Comment by feldrim
13 hours ago
Would SearchValues<char> help there for a fallback to a SIMD optimized simple string literal search rather than the happy path?
13 hours ago
Would SearchValues<char> help there for a fallback to a SIMD optimized simple string literal search rather than the happy path?
Yes, that's exactly what we did to be competitive in the benchmarks.
There's a lot of simple cases where you don't really need a regex engine at all.
integrating SearchValues as a multi-string prefix search is a bit harder since it doesn't expose which branch matched so we would be taking unnecessary steps.
Also .NET implementation of Hyperscan's Teddy algorithm only goes left to right.. if it went right to left it would make RE# much faster for these cases.
So, there's still room for significant improvement.

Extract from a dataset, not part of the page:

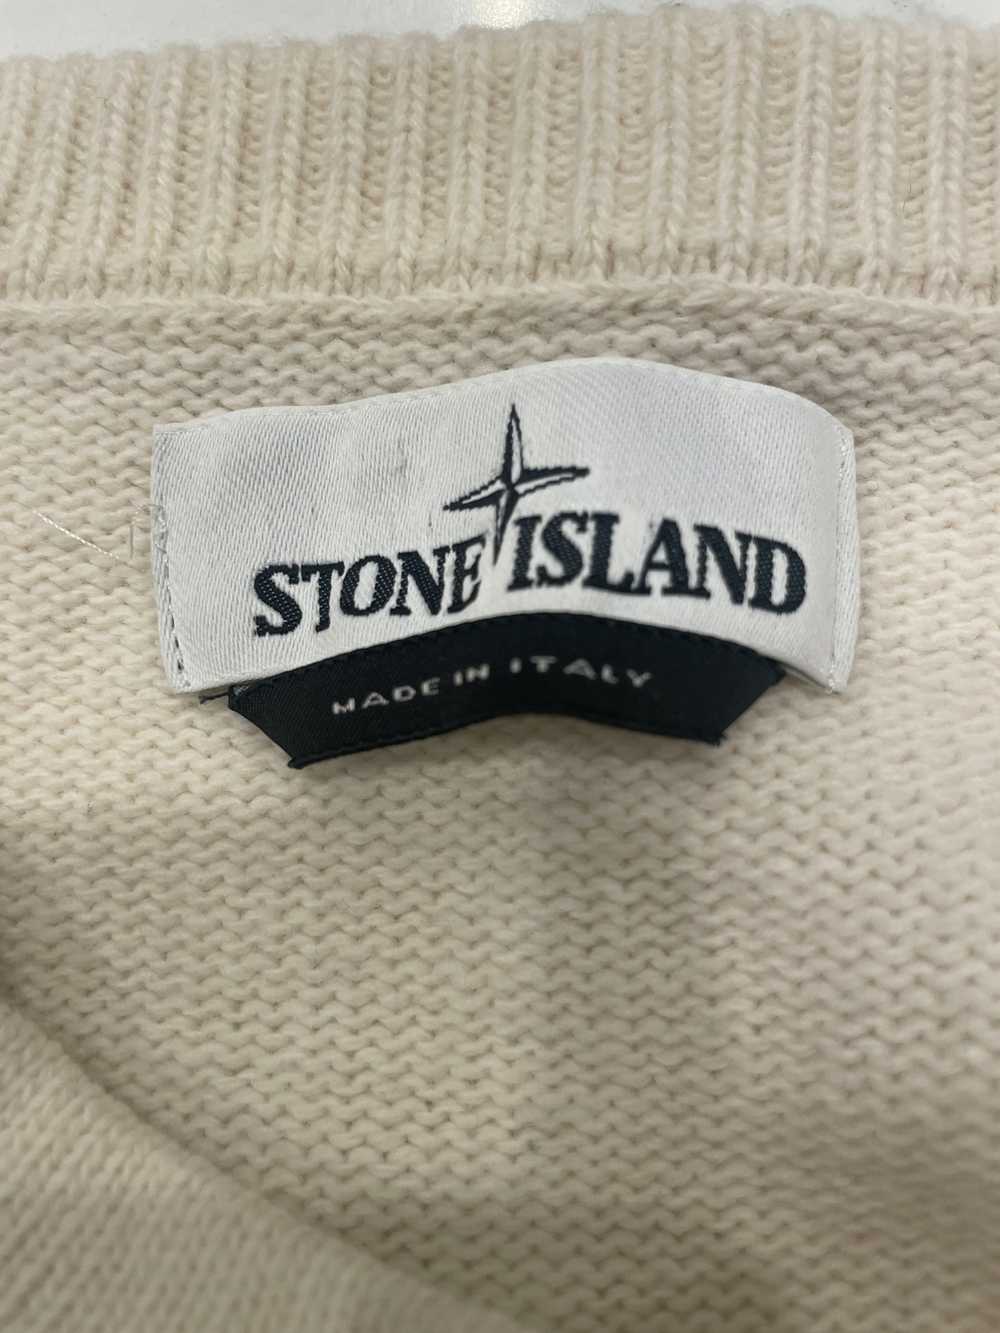 Stone Island Vintage Stone Island Knit Sweater - image 4
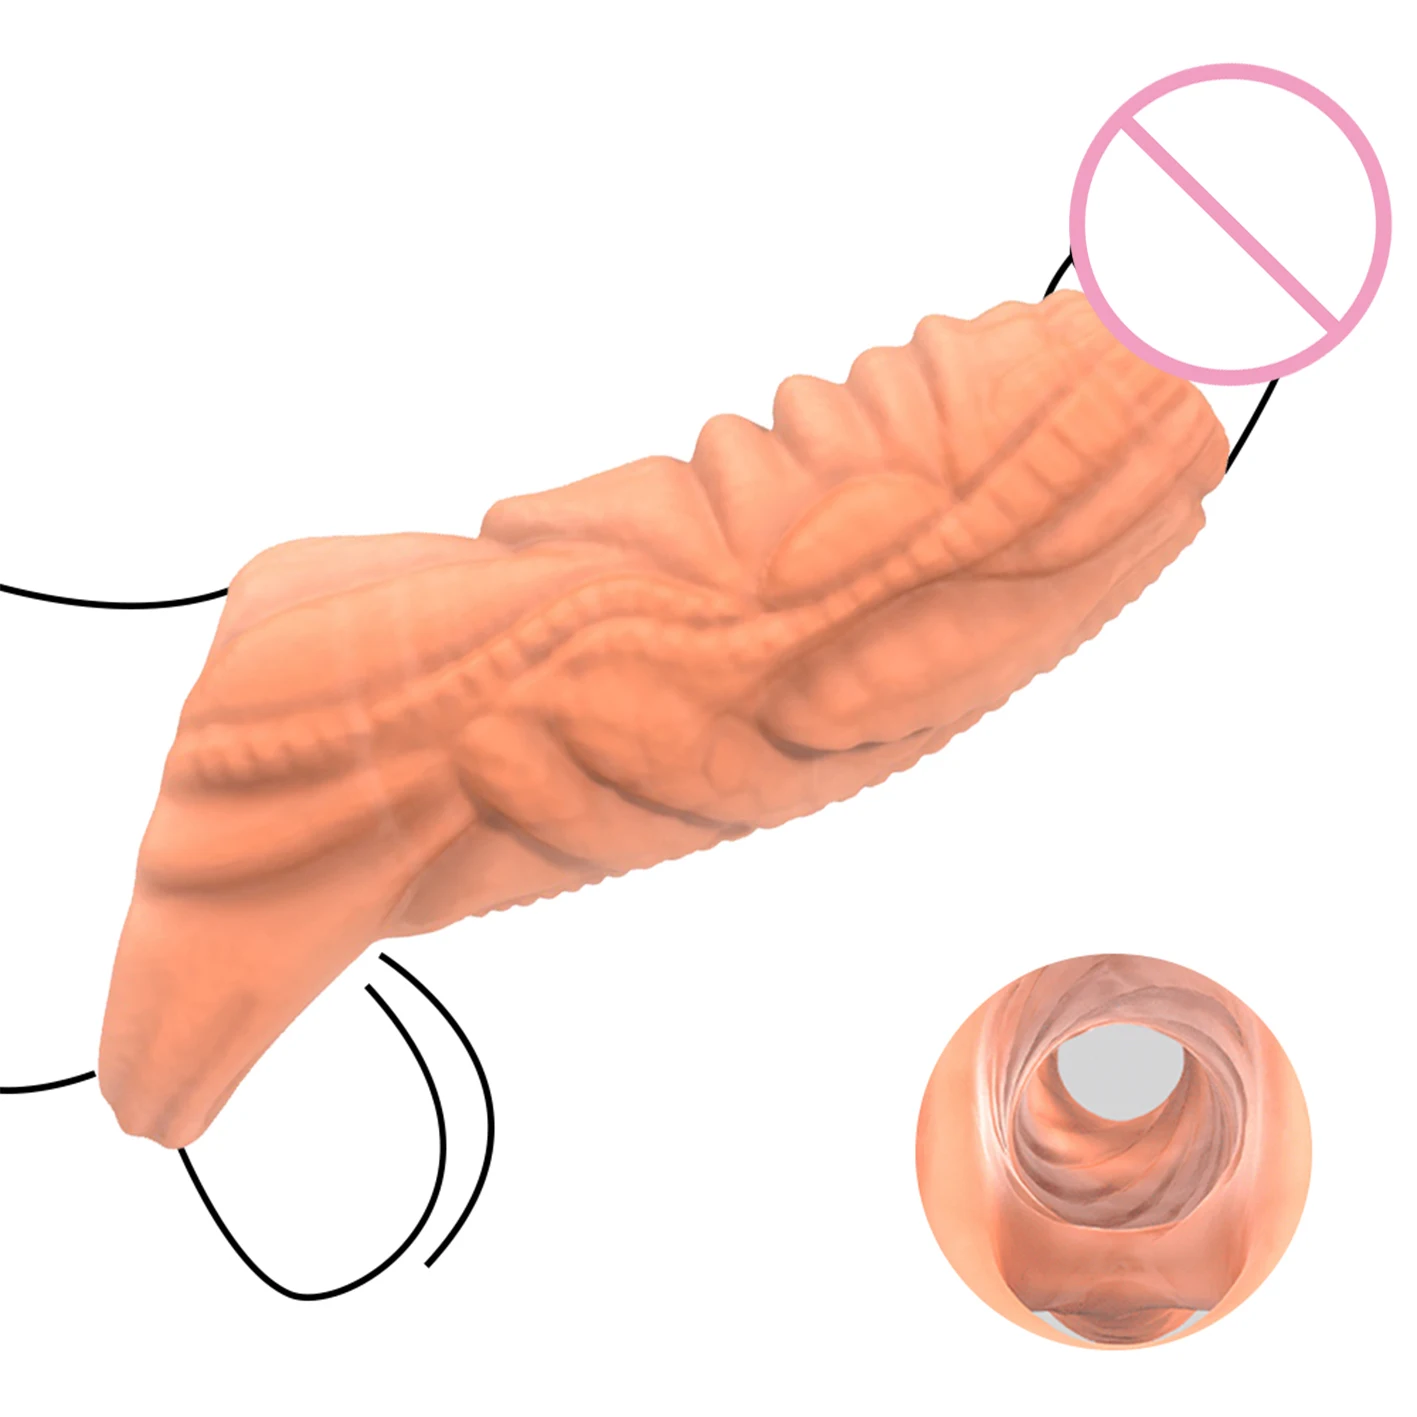 

Кольцо для увеличения пениса, кольцо для члена, раздвижной презерватив, кольцо с замком, секс-игрушки для мужчин, Эротические товары для взрослых

There is plenty still to do.
One part of this is SIMD algorithms to better compete with Hyperscan/Rust, another is the decades of optimizations that backtracking engines have for short anchored matches for validation.
There's analysis to do for specific patterns so we can opt for specialized algorithms, eg. for fixed length patterns we skip the left-to-right pass entirely since we already know the match start + match length.
Lots of opportunistic things like this which we haven't done. Also there are no statistical optimizations in the engine right now. Most engines will immediately start looking for a 'z' if there is one in the pattern since it is rare.